Happy October everyone! This, in my opinion, is the absolute best time of year. Football season is in full swing and the weather is cooling down. We have apples, leaves changing and the colors of autumn emerging, mulled cider, pumpkins, and the best holiday of the entire year, Halloween. That sinister time of year based on All Hallows’ Eve, when the souls of the departed were remembered, has become an occasion to celebrate fantasy and fright. Our frightful forms of entertainment come from the likes of Freddy Krueger, Leatherface, Jason, and Michael Myers. In centuries past, frightful entertainments were painted in oil on canvases and panels. The history of art is abundant in images of horror, so what better time than October to examine them? This month, Greco’s Ghosts will celebrate spooktacular October with themes of terror.

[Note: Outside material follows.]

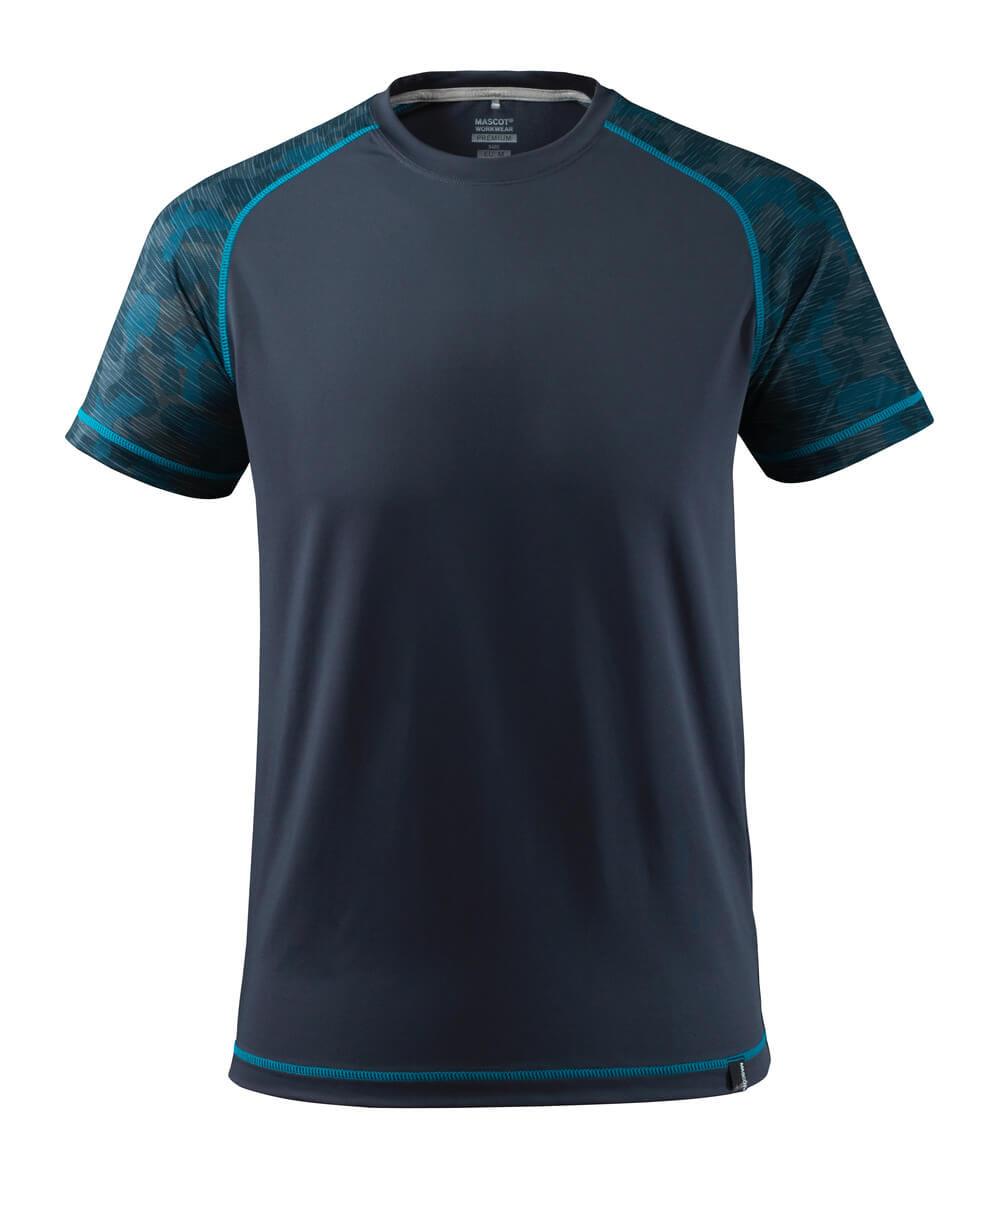 17482-944-010 T-shirt - dark navy

Part One: The Infernal Inferno
Hell ought to be the most terrifying place in the world. The only argument against that claim might be that no one has ever seen it and therefore has nothing to base it on. Yet there is one man who lived in the Middle Ages, who told a tale of his own journey through Hell, or Inferno, and back. The man was Dante Alighieri (c. 1265-1320), the tale was the Divina Commedia, the Divine Comedy.

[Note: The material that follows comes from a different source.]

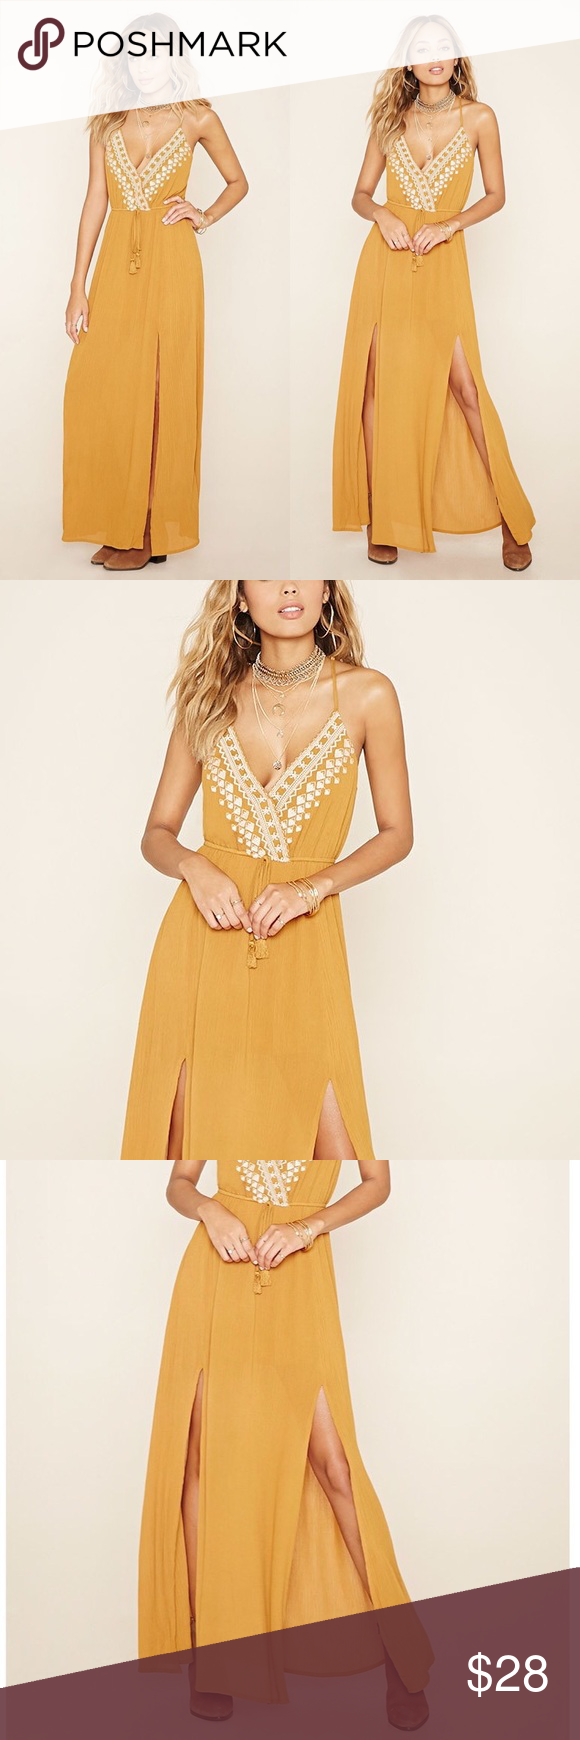 New forever yellow racerback mslit maxi dress my posh picks

Click image to enlarge. Gustave Doré (French), Portrait of Dante Alighieri, 1860, engraving, Central Saint Martins College of Art and Design, London.
In this epic poem, Dante, the great father of the Italian language as many call him, travels through the three worlds of the afterlife, Inferno, or Hell, Purgatory, and Paradise, or Heaven. Lead by the ancient Roman poet, Virgil, Dante travels through Inferno first and maps out its horrific geography, which turns out to be divided into a number of circles, with cities and landscapes within each other, inhabited by demons and monsters whose sole purpose is to torture the sinners condemned to these whereabouts.
Click image to enlarge. Domenico di Michelino (Italian), La Divina Commedia di Dante (Dante and the Divine Comedy), 1465, fresco, dome of the church of Santa Maria del Fiore, Florence.
Before venturing through Dante’s circles of Hell, it is important to note that this was one of the very few accounts of Hell out there other than the Bible. Dante’s Divine Comedy was written sometime between about 1308 and 1320. For years and indeed centuries later, people would use Dante’s account of Hell when they wanted to picture the place. I actually haven’t read the Divine Comedy, but I am familiar enough with it and have read enough about it to know that it is highly expressive and describes its geography, inhabitants, and everything else, in intricate detail. Artists seized this example as an opportunity to make visual a place that a living soul could not know. Of course, the Divine Comedy is fiction, but perhaps some believed it not. Many probably used it as a beneficial tool in teaching faith and character. What is more, people are fascinated by fright. Why else do we watch scary movies? Why else do we slow down to look as we pass a car crash on the side of the road? Hell is the unknown, and the unknown allows room for creativity and invention, that which employs the artist. Thanks to Dante’s thoroughly descriptive tale, artists didn’t even have to invent much other than the various physical features of the Inferno’s demons. Thus, Dante’s Inferno became the tool used by many artists to convey the depths of Hell and the horrors within it. Here is what they look like:
Dante’s Map of the Inferno
Click image to enlarge. Bartolomeo Di Fruosino (Italian), Inferno from the Divine Comedy by Dante (Folio 1v), 1430-35, Manuscript (Ms. it. 74), 365 x 265 mm, Bibliothèque Nationale, Paris.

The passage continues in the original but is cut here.